Huggies and OHBaby! get out the tracing paper for personalised magazines campaign

As Tequila\’s creative director Ross Howard wrote in a past issue of NZ Marketing, there’s a fine line between creative theft and creative inspiration. And a recent release from Kimberley-Clark’s Huggies brand about a campaign offering new parents personalised OHBaby! magazines got us wondering about the rather thorny issue of creative IP. 

Starting March 19, parents can create their newborn baby’s own magazine cover at www.huggies.co.nz and have it sent out. The memento, which also celebrates the 20 year anniversary of Huggies’ support for Plunket and the $6.2 million it has donated in that time, comes complete with a list of 2012 memorable events to recall the year of the baby’s birth and spaces for parents to record their baby’s own personal milestones.

“Babies grow and change so quickly and the opportunity to capture the earliest memories in photos and in words is fleeting,” says Geeta Uka of Huggies. “So we thought we’d help families create a special keepsake and celebrate their newborns in a unique way.”

It’s a good idea. But unique is pushing it. ACP, Special Group, Naked and Salt Interactive did almost exactly this for ecostore in Little Treasures magazine last year. It was very popular, well-publicised and fairly well-awarded, so playing the ‘we didn’t know’ card would be difficult to swallow.

Accusations are regularly levelled at agencies for the supposed ripping-off of existing ideas when similarities are found. So is it wrong to copy? Or is originality over-valued?

We’ll leave it to Howard to try and clear that one up:

The late, great Steve Jobs infamously quoted Picasso during an interview in 1994, when he said ‘Good artists copy; great artists steal’. And in many ways the statement became more synonymous with the founder of Apple than with the great Spaniard

… In the context of advertising, the notion of ‘copying’ is also a poignant, and frequently discussed topic. It lives, breathes and survives on the intellectual property generated by planners and creatives (and anyone else inside the agency building with a good idea).

Firstly, let’s first put forward the view that we are all products of our environment. Even when we are deliberately trying to think of something completely new, at a subconscious level we imbue our work and ideas with the cultural ingredients that we have consumed in our lives.

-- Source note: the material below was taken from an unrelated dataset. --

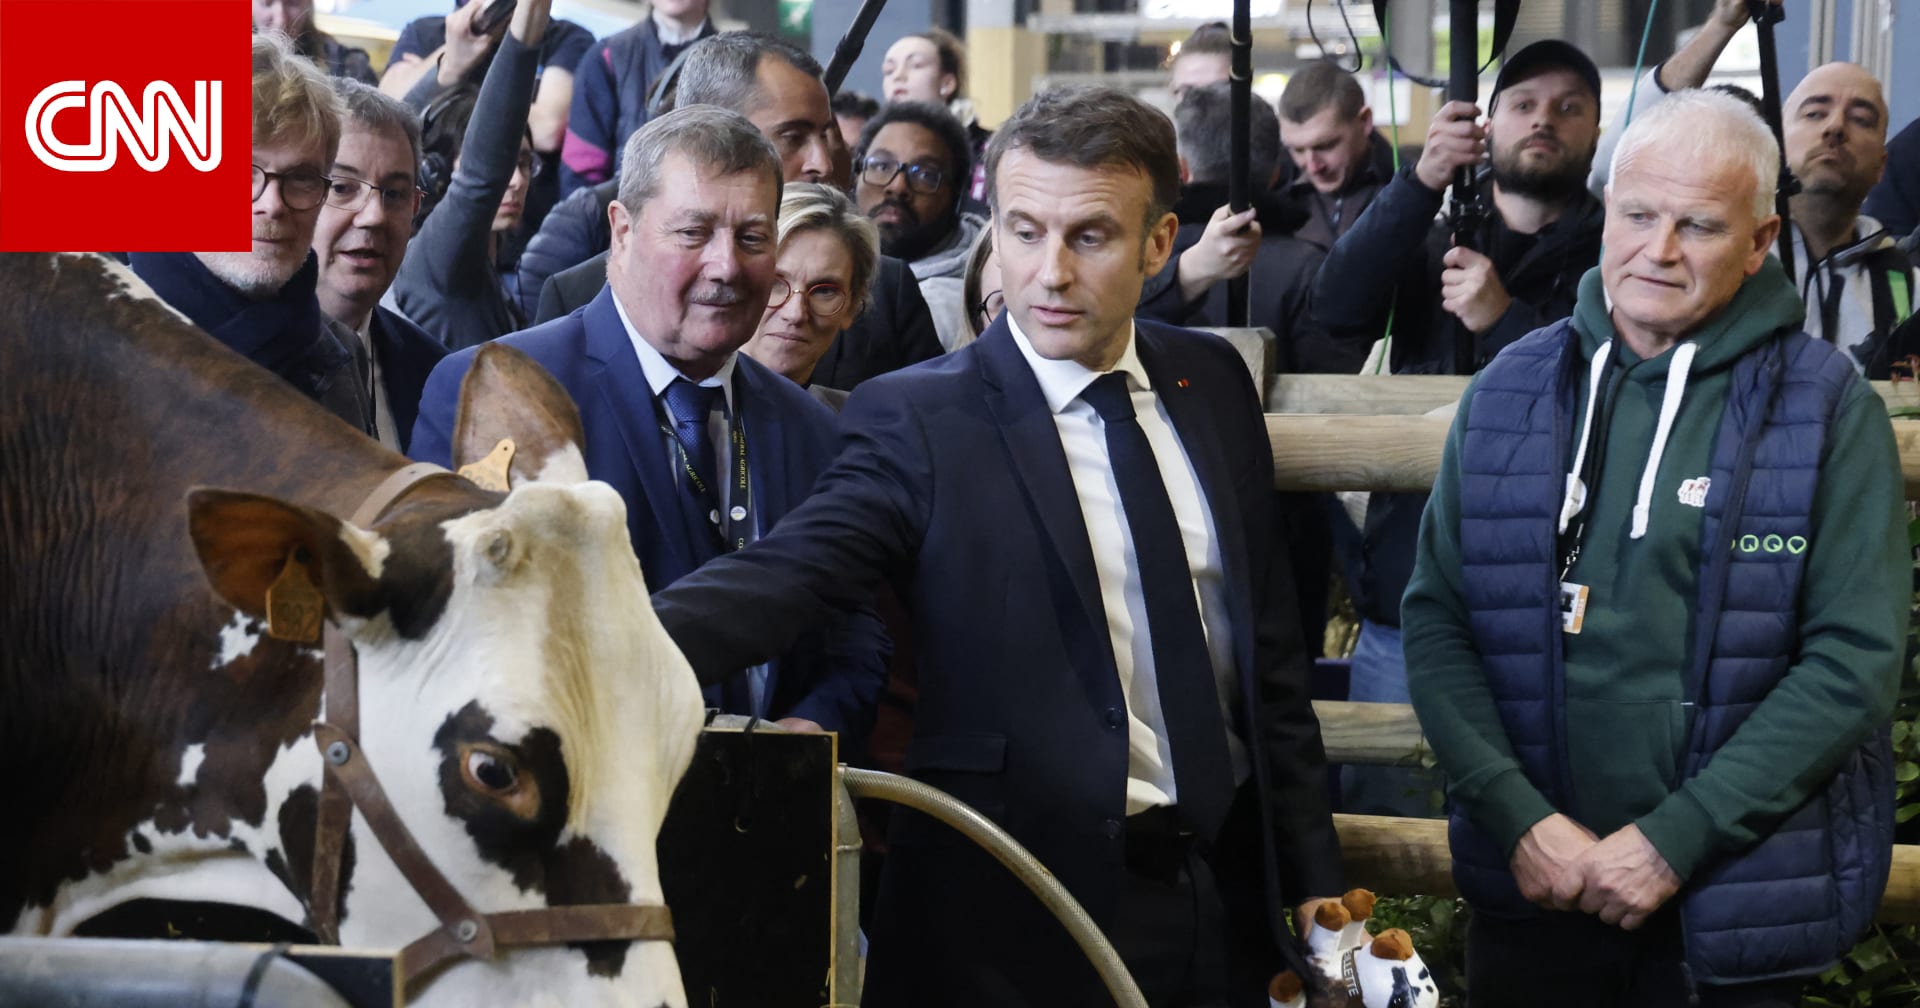 اقتحام معرض فرنسي من قبل مزارعين غاضبين خلال تواجد ماكرون داخله
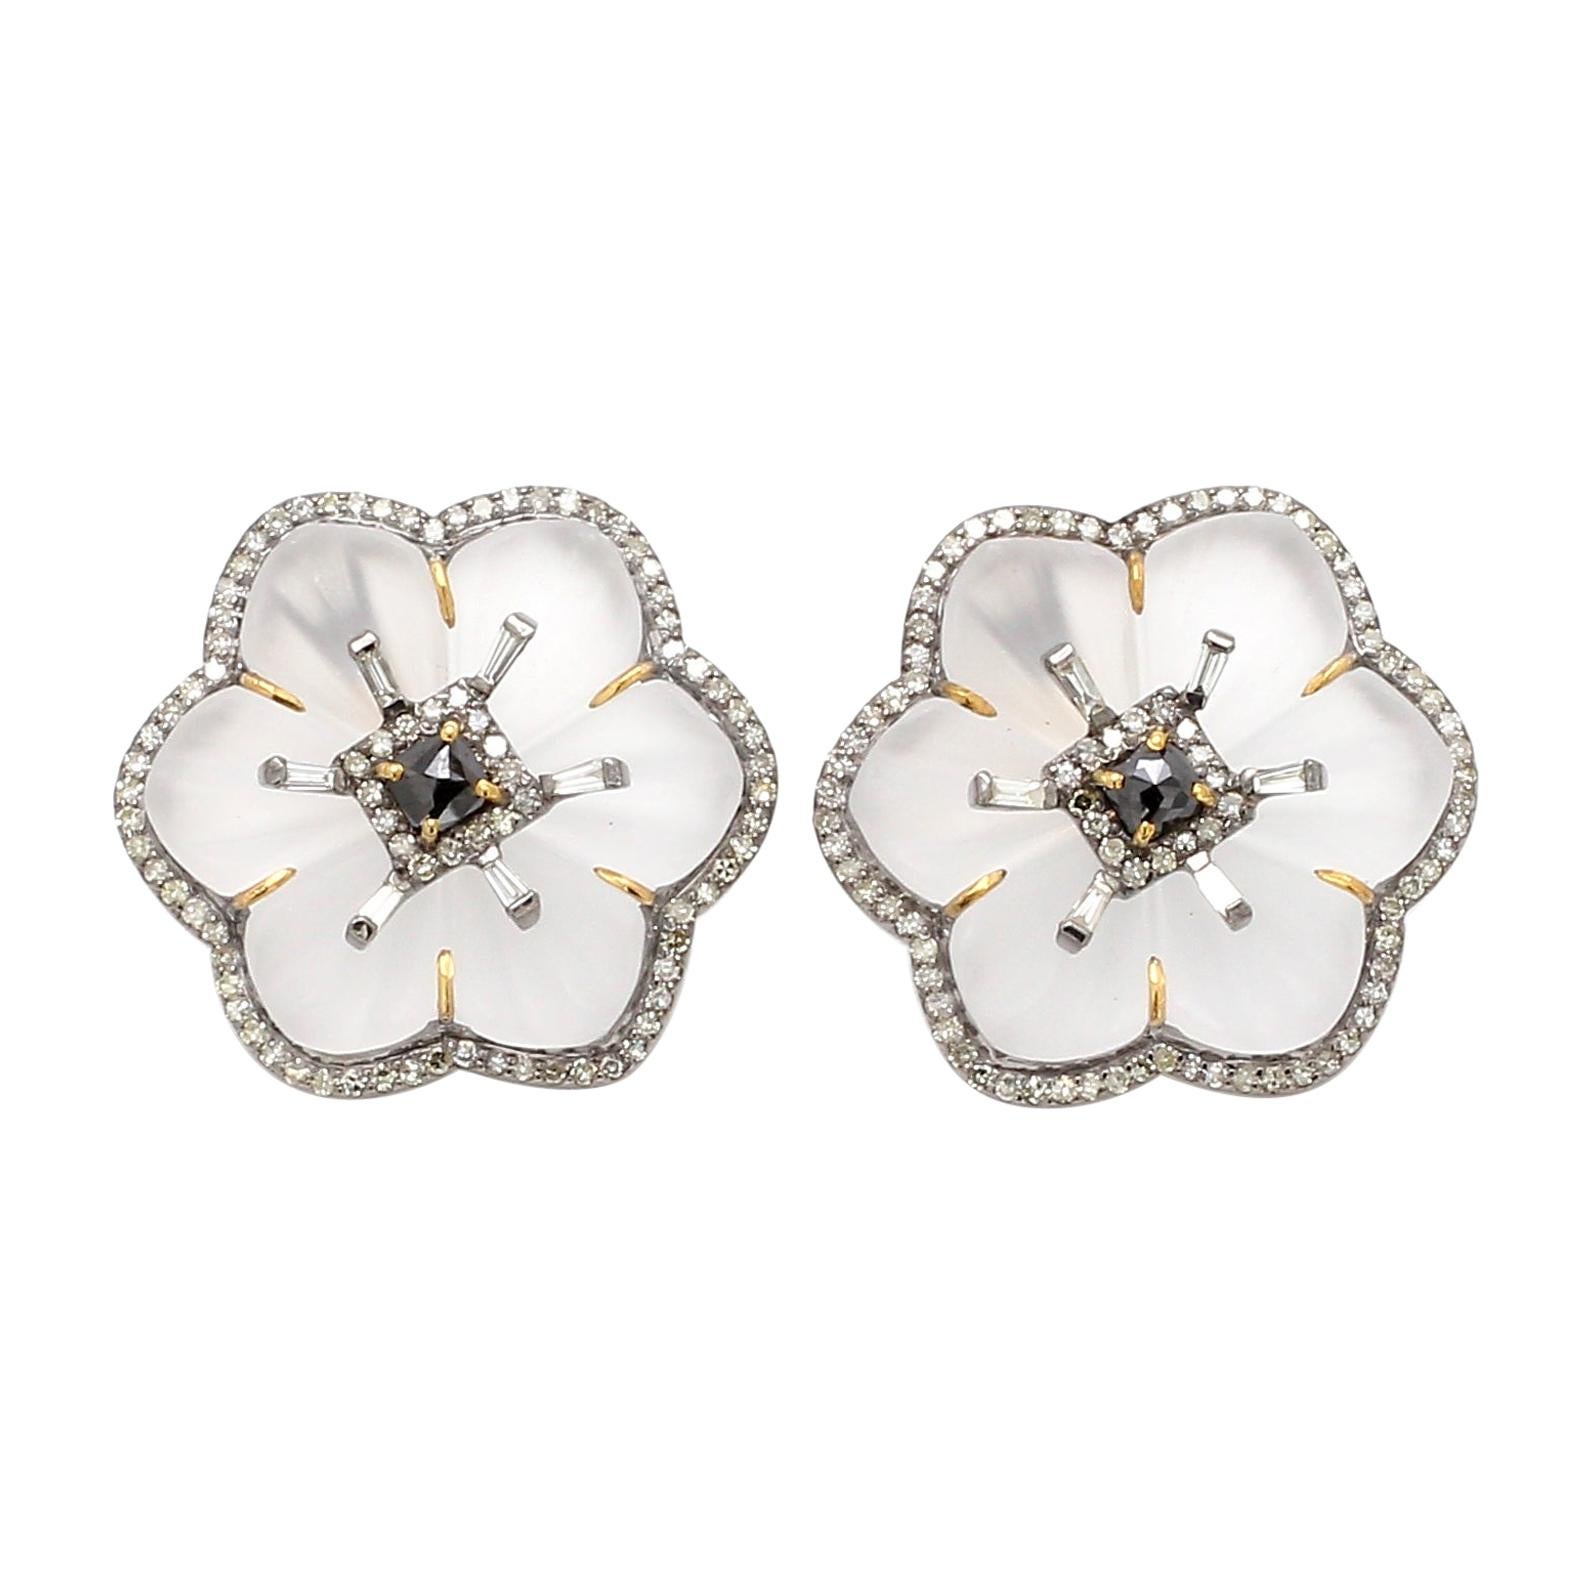 1.46 Carat White Diamond, Black Diamond, and Crystal Flower Stud Earrings

Also, as professionals operating in a social and cultural landscape, we deliberately leverage cultural references to speak to our audiences. Sometimes this might be using colloquialisms in copy, an art direction that is aligned with a sub-culture, or a theme or narrative style that is similar to another.

When we do this overtly, to the point that we want the audience to make the connection, we call this homage. When we want the connection to be an amusing one, it becomes parody. When we attempt to deliberately conceal this, or fail to acknowledge it, we run the risk of being accused of stealing or ripping off a reference point.

… Copying isn’t bad as an exercise, but it’s bad as an outcome. If you’ve copied something, you haven’t actually come up with an idea to arrive at it, you probably just researched, or Google searched it. Literally anyone can copy. Knowing what is worth copying is of meagre value and can’t sustain or build our industry.

Stealing, however, makes the property yours, and whilst in most cases the ethics of stealing are regarded as poor, in this context it means something different.

How do you make an idea yours? By applying enough change and influence on how you transformed the idea so it can be regarded as original. This is most easily done by either combining ideas together, or by changing the context in which an idea can operate.

A song may inspire some copy, a famous painting may provide the perfect colour pallet for a new design and an idea in a brainstorm may morph into another brief and provide a completely new approach. This notion of stealing is what so much of the progress of the world has been predicated upon. I won’t even bother with Newton’s “shoulders of giants” quote, other than to note it was paraphrased from someone else.

So whilst we all should sample culture, the question that we must constantly ask ourselves is “do we own the creative product we’re giving our clients”, or did we just “borrow it”.

Let us know what you think. Copying or stealing? Above board or underhanded?